That sounds familiar to pastors. They know the loneliness of long-distance ministry: the discouragement, the doubts, the moral and spiritual battles that rage in the mind. Of course, they know the minister’s high, as well, when they hear, from time to time, the inner voice of the Spirit: “Well done, good and faithful servant.”

For ten years now, LEADERSHIP has been a companion to clergy in the long race of ministry. Articles have addressed the wanderings and wonderings of parish pastors. Our intent: to keep ministers energized and effective in their callings.

Since the beginning, each issue of the magazine has included a survey (see page 139), and through it, readers have indicated which articles have been most helpful. Along the way we’ve noticed that certain topics elicit the greatest positive response.

LEADERSHIP readers’ concerns include both the personal and the professional. And in each of those categories, four issues rise to prominence. Here are excerpts from some of the articles rated highest-all averaging scores of 8.1 or more on the 10-point scale.

We begin with a look at the professional side of ministry.

The Ministry: Preaching

Not surprisingly, LEADERSHIP readers found articles on preaching to be especially helpful. Two articles tied for the highest rated preaching article. One, “Speaking to the Secular Mind” (Summer 1988) by Bill Hybels, pastor of Willow Creek Community Church of South Barrington, Illinois, addresses a difficulty every pastor faces in communicating the gospel today.

Driving home from church the other day, I pulled behind a guy on his Harley-Davidson. I noticed a bumper sticker on the rear fender of his motorcycle, so I pulled closer. It read: SCREW GUILT.

After the shock wore off, I was struck by how different his world was from the one I’d just left-and even from the world a generation ago. In my day, we felt guilty, I thought. Now, it’s not only “I don’t feel guilty,” but “Screw guilt.” I find the unchurched people today, whom we’re called to reach, are increasingly secular.

There was a time when your word was a guarantee, when marriage was permanent, when ethics were assumed. Not so very long ago, heaven and hell were unquestioned, and caring for the poor was an obvious part of what it meant to be a decent person. Conspicuous consumption was frowned upon because it was conspicuous. The label “self-centered” was to be avoided at all costs, because it said something horrendous about your character.

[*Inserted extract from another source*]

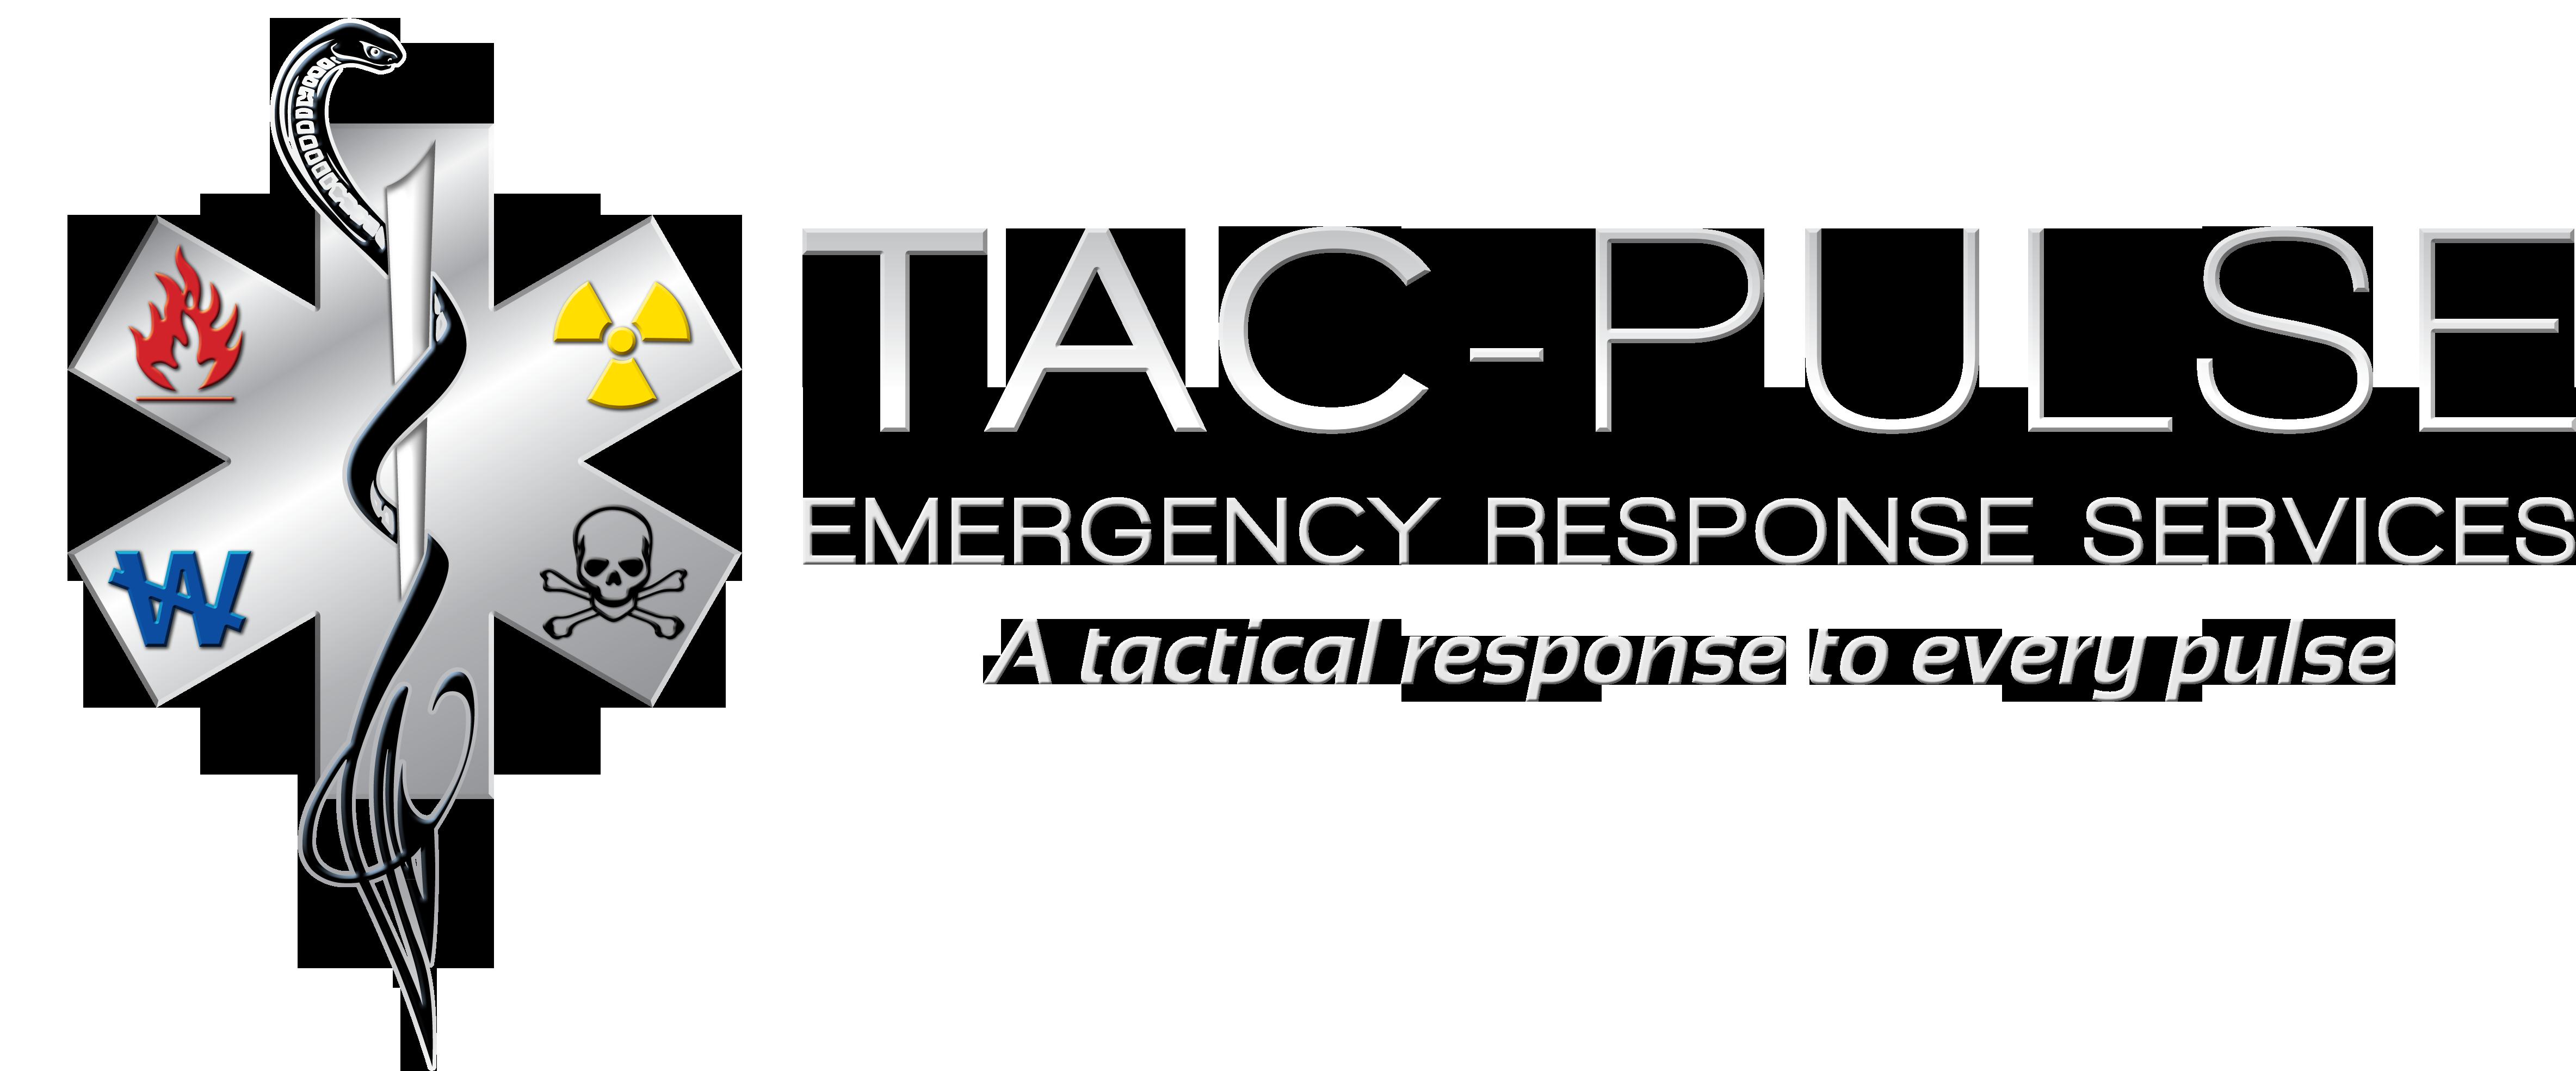 Tac-Pulse ERS
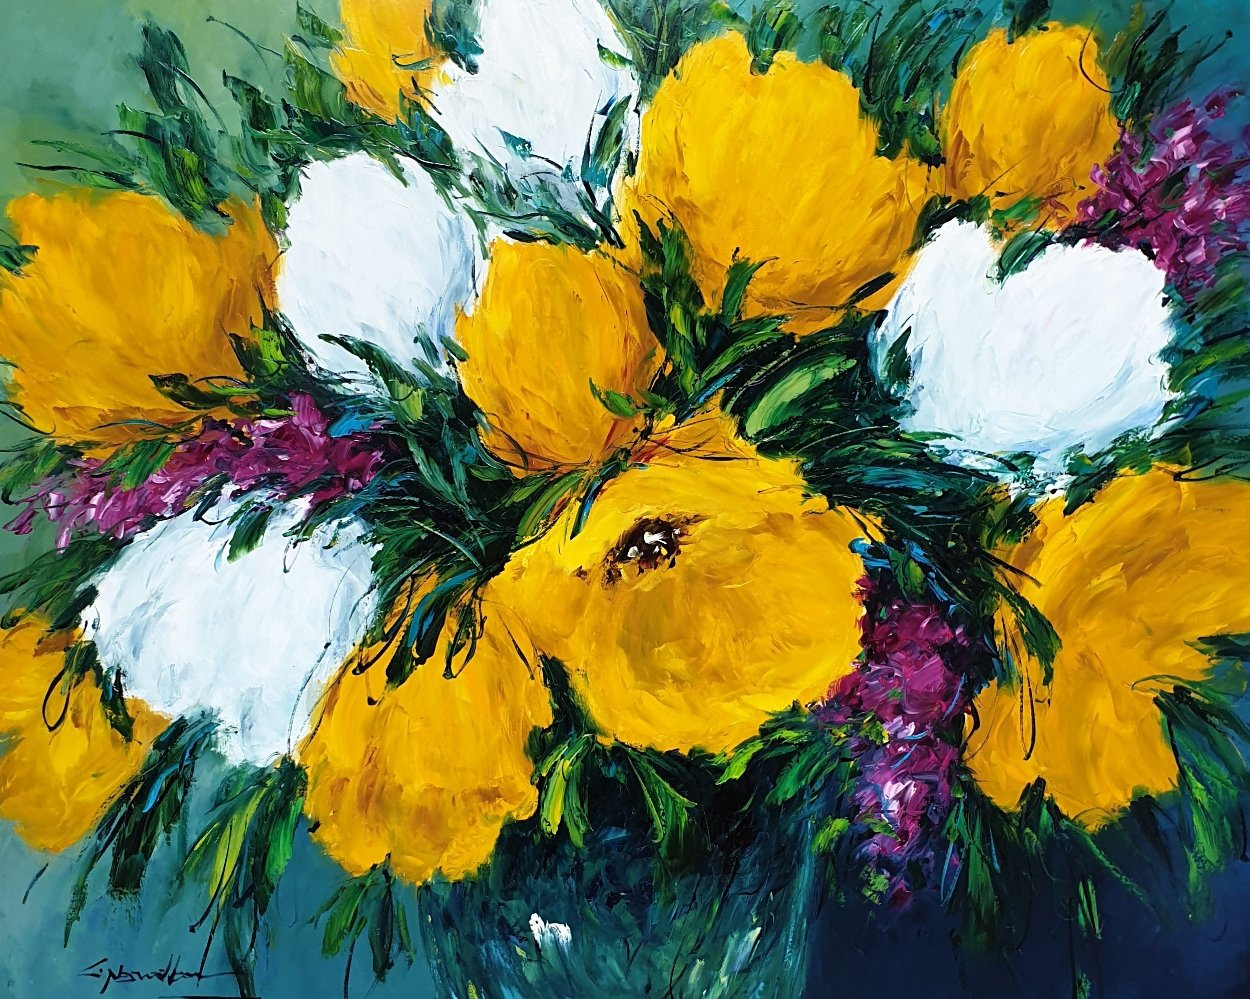 Yellow Bloom 2006 36x44 Super Huge Original Painting by Christian Nesvadba

Today, all of that has changed. Not only is it different, but people can hardly remember what the former days were like. …

If we’re going to speak with integrity to secularized men and women, we need to … understand the way they think. For most of us pastors, though, that’s a challenge. The majority of my colleagues went to a Bible school or Christian college and on to seminary, and have worked in the church ever since. As a result, most have never been close friends with a non-Christian. They want to make their preaching connect with unchurched people, but they’ve never been close enough to them to gain an intimate understanding of how their minds work.

I have suggested for many years that our pastors at Willow Creek find authentic interest areas in their lives-tennis, golf, jogging, sailing, mechanical work, whatever-and pursue these in a totally secular realm. Instead of joining a church league softball team, why not join a park district team? Instead of working out in the church gym, shoot baskets at the YMCA. On vacation, don’t go to a Bible conference but to some state park where the guy in the next campsite is going to bring over his six-pack and sit at your picnic table.

The other preaching article that received equally high marks was by Fred Smith. In “Overlooked Fundamentals of Good Speaking” (Summer 1987), we see his characteristic no-nonsense approach.

I hear a lot of preachers … who are pretty sloppy in their opening comments. Perhaps it’s because they haven’t thought about them, but the mood they create right from the start makes it tough to benefit from the rest of the sermon.

Most of us know you don’t want to start on a negative note. “I hope you all will excuse my voice this morning. I’ve had a cold all week.”

Or “I really appreciate you all coming on a miserable, rainy day like today.”

Or “Folks, we just are not getting enough people. When I stand up here and look out at this congregation …

What kind of impression do these introductions make on the listeners? Probably not a good one. You’re not starting from their need. You’re starting from your need. And that’s not the way to fill people with anticipation for the Word you have to give.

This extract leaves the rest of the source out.